Search the data below for "Силам"; list each line that holds it.

Recorded data
»»

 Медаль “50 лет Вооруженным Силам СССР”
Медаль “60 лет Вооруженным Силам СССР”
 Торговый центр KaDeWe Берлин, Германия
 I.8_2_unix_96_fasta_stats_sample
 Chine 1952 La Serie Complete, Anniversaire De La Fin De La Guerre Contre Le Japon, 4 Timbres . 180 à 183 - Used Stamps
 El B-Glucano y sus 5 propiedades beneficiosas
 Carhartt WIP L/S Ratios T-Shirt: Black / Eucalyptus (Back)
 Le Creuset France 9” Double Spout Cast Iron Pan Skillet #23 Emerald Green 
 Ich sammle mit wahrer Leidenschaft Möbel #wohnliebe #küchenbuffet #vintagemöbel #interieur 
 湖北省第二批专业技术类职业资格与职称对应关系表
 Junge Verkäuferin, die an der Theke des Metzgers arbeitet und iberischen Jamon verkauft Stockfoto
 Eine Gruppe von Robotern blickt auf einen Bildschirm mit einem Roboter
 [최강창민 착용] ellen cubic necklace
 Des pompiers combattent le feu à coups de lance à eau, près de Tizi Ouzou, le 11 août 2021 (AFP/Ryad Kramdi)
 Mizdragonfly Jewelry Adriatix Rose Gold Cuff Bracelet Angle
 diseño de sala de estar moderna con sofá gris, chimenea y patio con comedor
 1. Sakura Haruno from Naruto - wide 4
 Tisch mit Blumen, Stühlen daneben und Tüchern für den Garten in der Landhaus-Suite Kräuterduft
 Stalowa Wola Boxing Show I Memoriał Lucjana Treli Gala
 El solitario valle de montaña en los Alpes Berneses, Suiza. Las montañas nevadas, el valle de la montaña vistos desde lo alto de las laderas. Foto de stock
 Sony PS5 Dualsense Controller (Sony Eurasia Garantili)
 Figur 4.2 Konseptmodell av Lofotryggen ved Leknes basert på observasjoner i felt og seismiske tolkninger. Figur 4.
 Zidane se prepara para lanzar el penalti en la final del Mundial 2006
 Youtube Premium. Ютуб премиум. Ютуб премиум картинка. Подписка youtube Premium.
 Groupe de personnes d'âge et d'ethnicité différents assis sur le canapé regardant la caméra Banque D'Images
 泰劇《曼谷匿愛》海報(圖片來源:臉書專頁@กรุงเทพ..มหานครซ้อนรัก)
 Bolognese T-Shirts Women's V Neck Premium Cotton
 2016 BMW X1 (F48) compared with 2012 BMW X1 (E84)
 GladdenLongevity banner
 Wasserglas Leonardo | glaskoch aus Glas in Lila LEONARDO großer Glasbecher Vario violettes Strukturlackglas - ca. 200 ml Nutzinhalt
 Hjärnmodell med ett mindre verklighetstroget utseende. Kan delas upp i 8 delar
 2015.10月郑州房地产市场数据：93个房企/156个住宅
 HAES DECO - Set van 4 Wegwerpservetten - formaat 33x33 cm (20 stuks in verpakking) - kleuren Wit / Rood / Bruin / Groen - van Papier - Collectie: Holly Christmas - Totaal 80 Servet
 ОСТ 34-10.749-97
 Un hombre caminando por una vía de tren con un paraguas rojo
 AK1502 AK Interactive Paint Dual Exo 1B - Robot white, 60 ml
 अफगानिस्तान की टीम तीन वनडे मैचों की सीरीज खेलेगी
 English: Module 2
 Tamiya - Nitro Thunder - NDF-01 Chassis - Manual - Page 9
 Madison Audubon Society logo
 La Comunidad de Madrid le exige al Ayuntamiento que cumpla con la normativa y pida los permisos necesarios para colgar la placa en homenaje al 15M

««

## RESULT
 Медаль “50 лет Вооруженным Силам СССР”
Медаль “60 лет Вооруженным Силам СССР”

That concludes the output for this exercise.